» WHAT IS EXPECTED:
Lines to return, exactly: from the line with "Garden Fresh Produce" to the line with "Pantalón de Gabardina" in the entries below, both included.

» SUPPLIED MATERIAL:

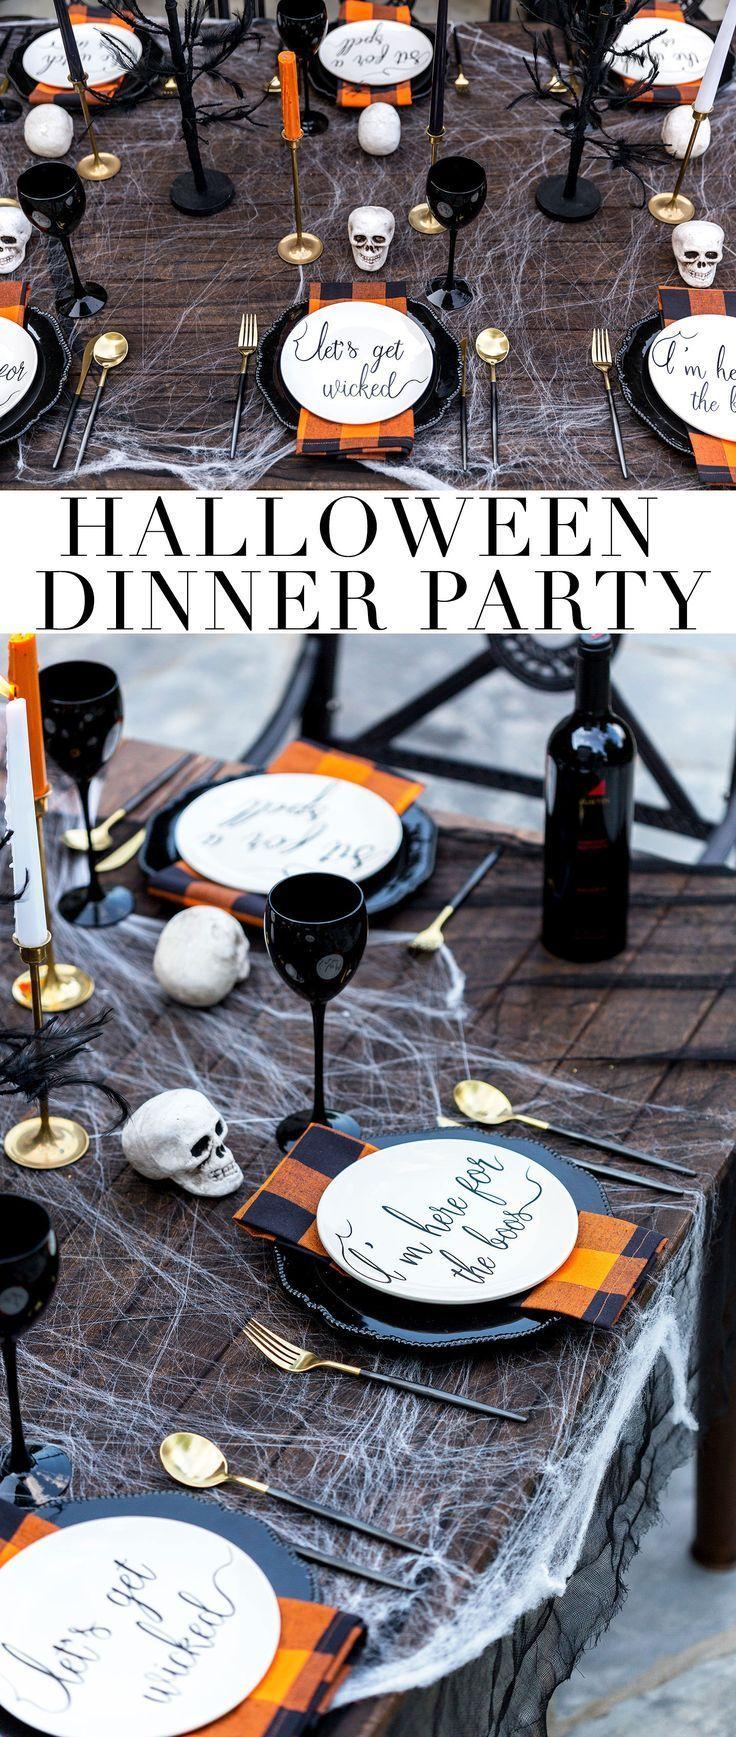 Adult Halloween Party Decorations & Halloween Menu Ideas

...

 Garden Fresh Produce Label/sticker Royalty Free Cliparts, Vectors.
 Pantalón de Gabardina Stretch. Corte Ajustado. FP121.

...

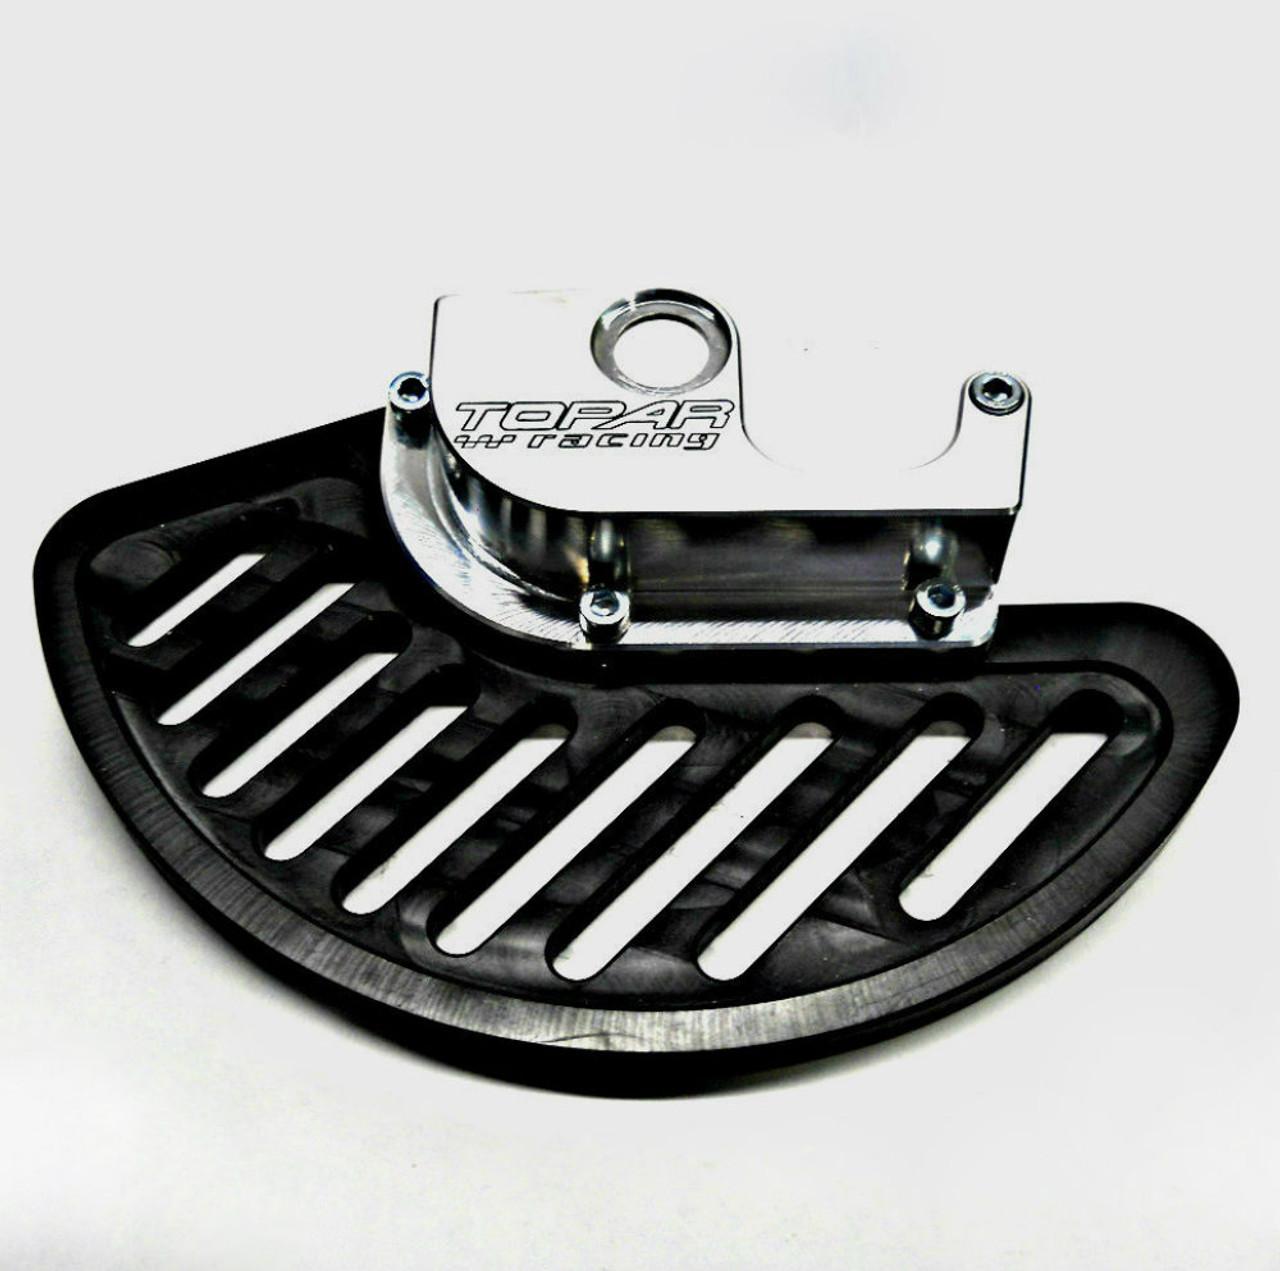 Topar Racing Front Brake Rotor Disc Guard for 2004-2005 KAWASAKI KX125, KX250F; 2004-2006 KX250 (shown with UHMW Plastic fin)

» SOLUTION TO THE EXERCISE:
 Garden Fresh Produce Label/sticker Royalty Free Cliparts, Vectors.
 Pantalón de Gabardina Stretch. Corte Ajustado. FP121.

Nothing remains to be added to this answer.